Water turns into ice or snow through the solidification process : when the temperature is below 0 degrees, water turns into ice.
However, if a cloud finds a temperature below 0 degrees at low altitude, snowflakes form, which accumulate on the ground when falling . For snow or ice to accumulate, the ambient temperature where it falls must also be less than 0 degrees.
Various types of soil are porous, that is, there are gaps between their molecules through which water can pass . . The more porous the soil, the more water will infiltrate, passing to underground layers.
Another factor that affects infiltration is soil moisture : when the soil is completely wet and does not have more porous underground layers, water accumulates on the surface.
Beneath the earth there is an erosion of water currents similar to that carried out by runoff on the surface. True underground currents are formed but also storages , either due to the humidity of the substrate, which can be used by the plants, or by forming deposits.
Springs and groundwater discharge
Springs can be sources of drinking water.

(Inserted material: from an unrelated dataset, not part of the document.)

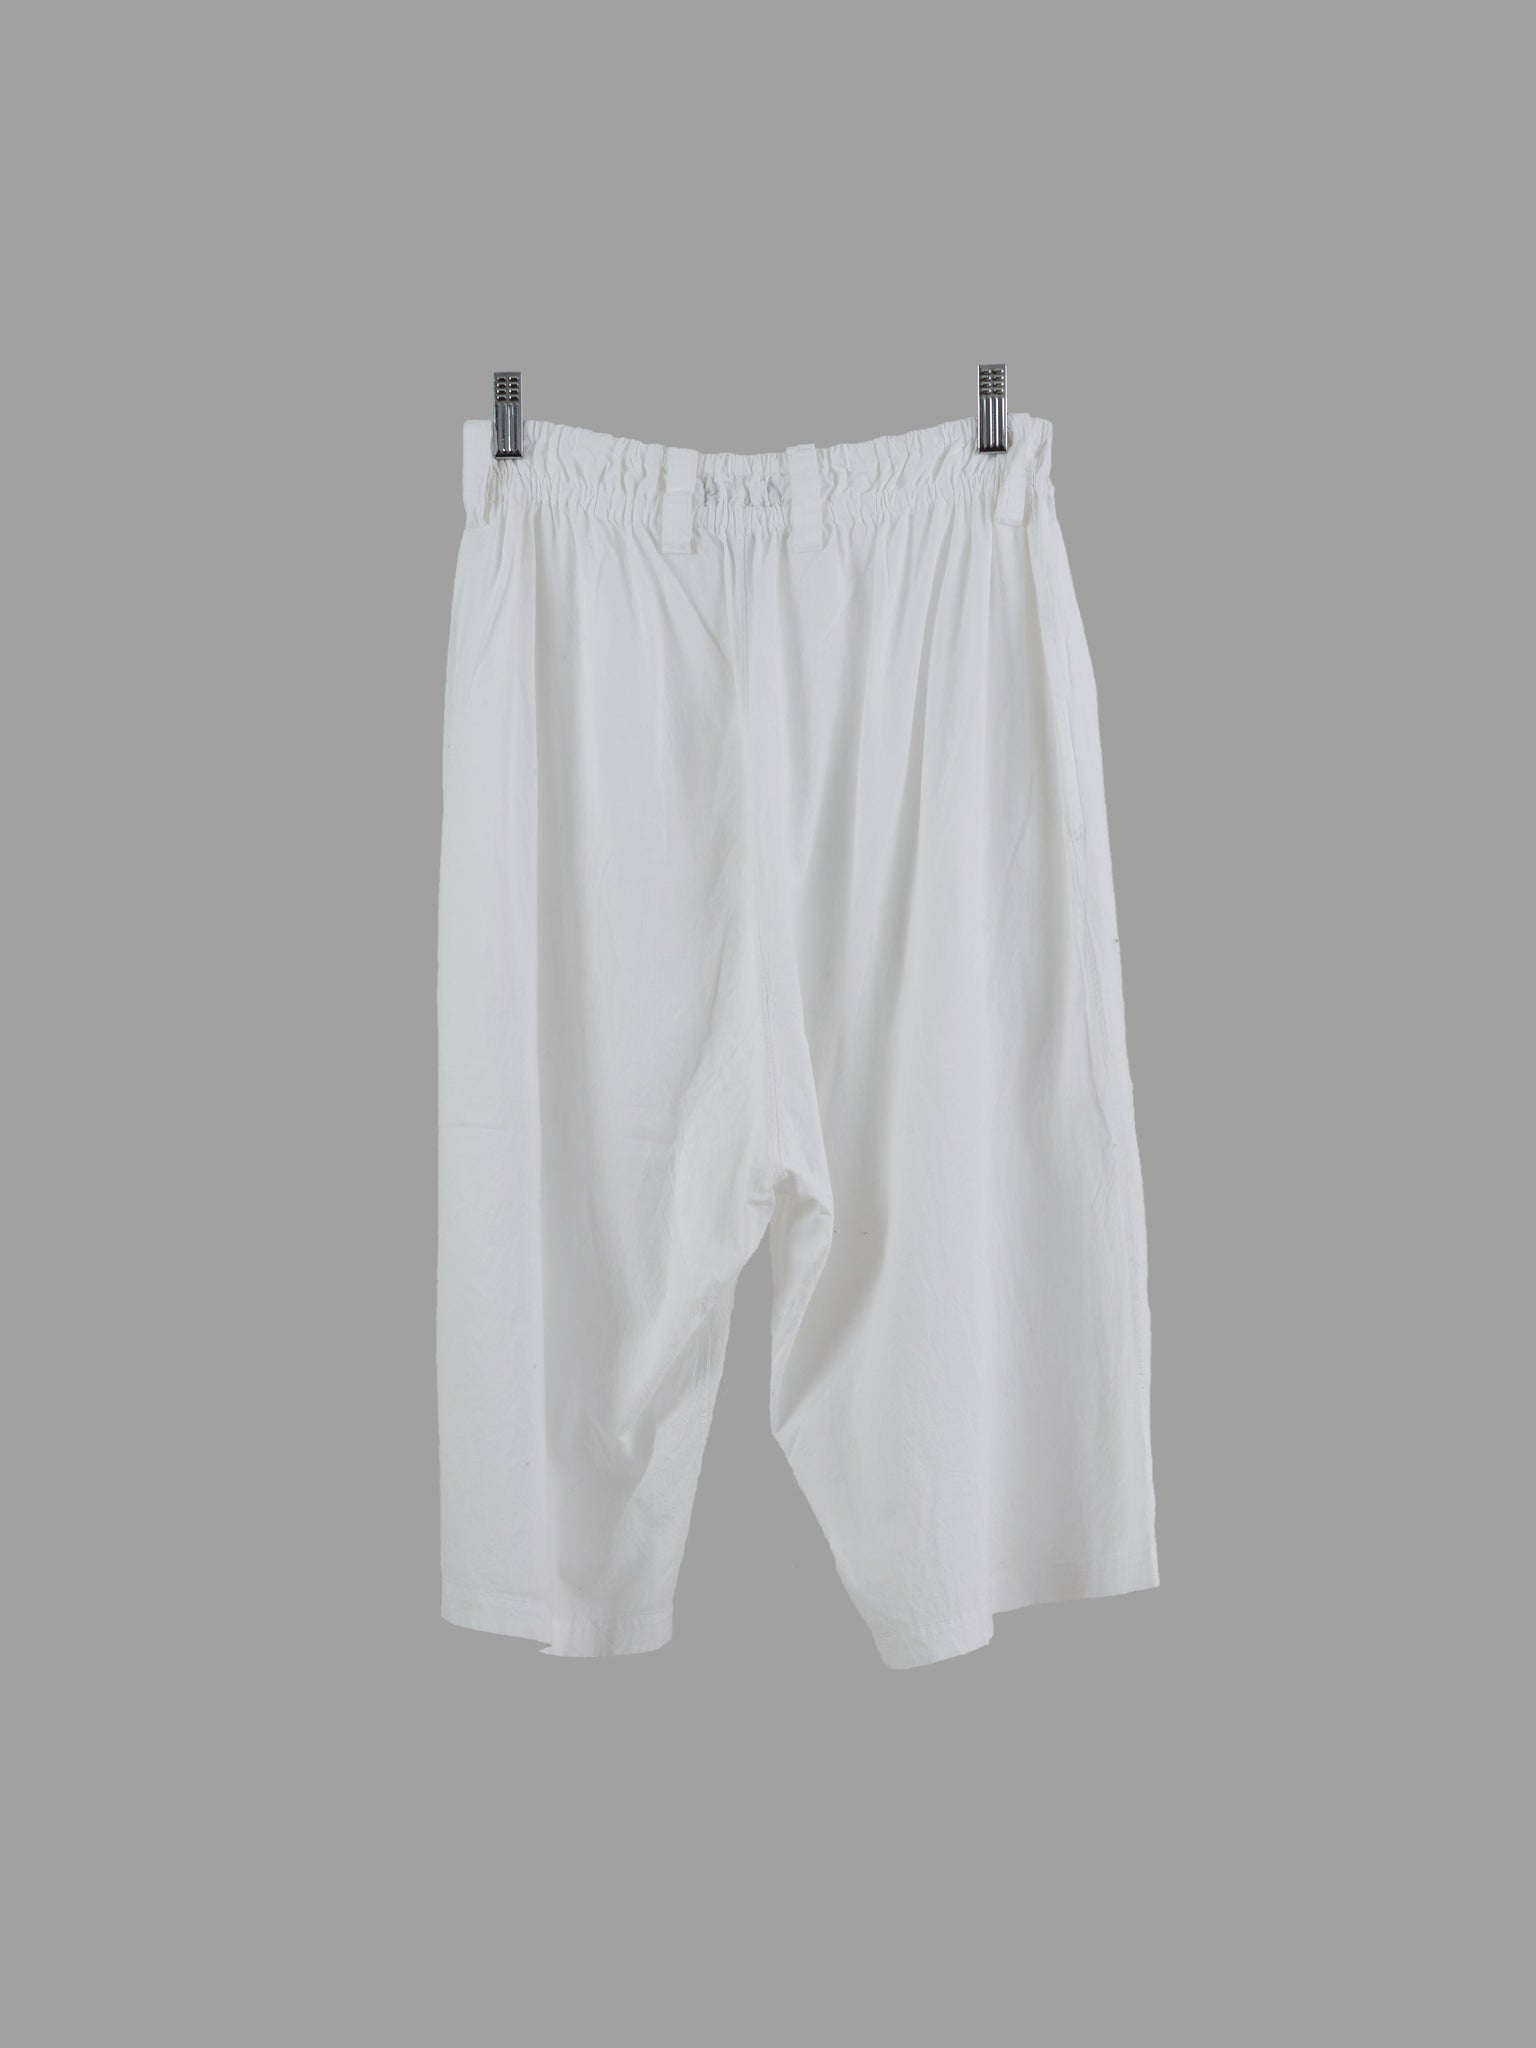 Issey Miyake Men white cotton sheer elastic waist drop crotch shorts - 1 S M

The springs are the outlet of underground currents to the surface or to areas near the surface, which can be used by animals. Since this water has been filtered through the various layers of soil, springs can be sources of drinking water.
On the other hand, underground currents can flow into rivers, lakes or seas , without even coming to the surface.
Seas and oceans
The seas and oceans are the largest reservoir of water on the planet , with approximately 97% of the world’s amount of water . However, it is important to point out that this water is not drinkable for humans since it is salt water.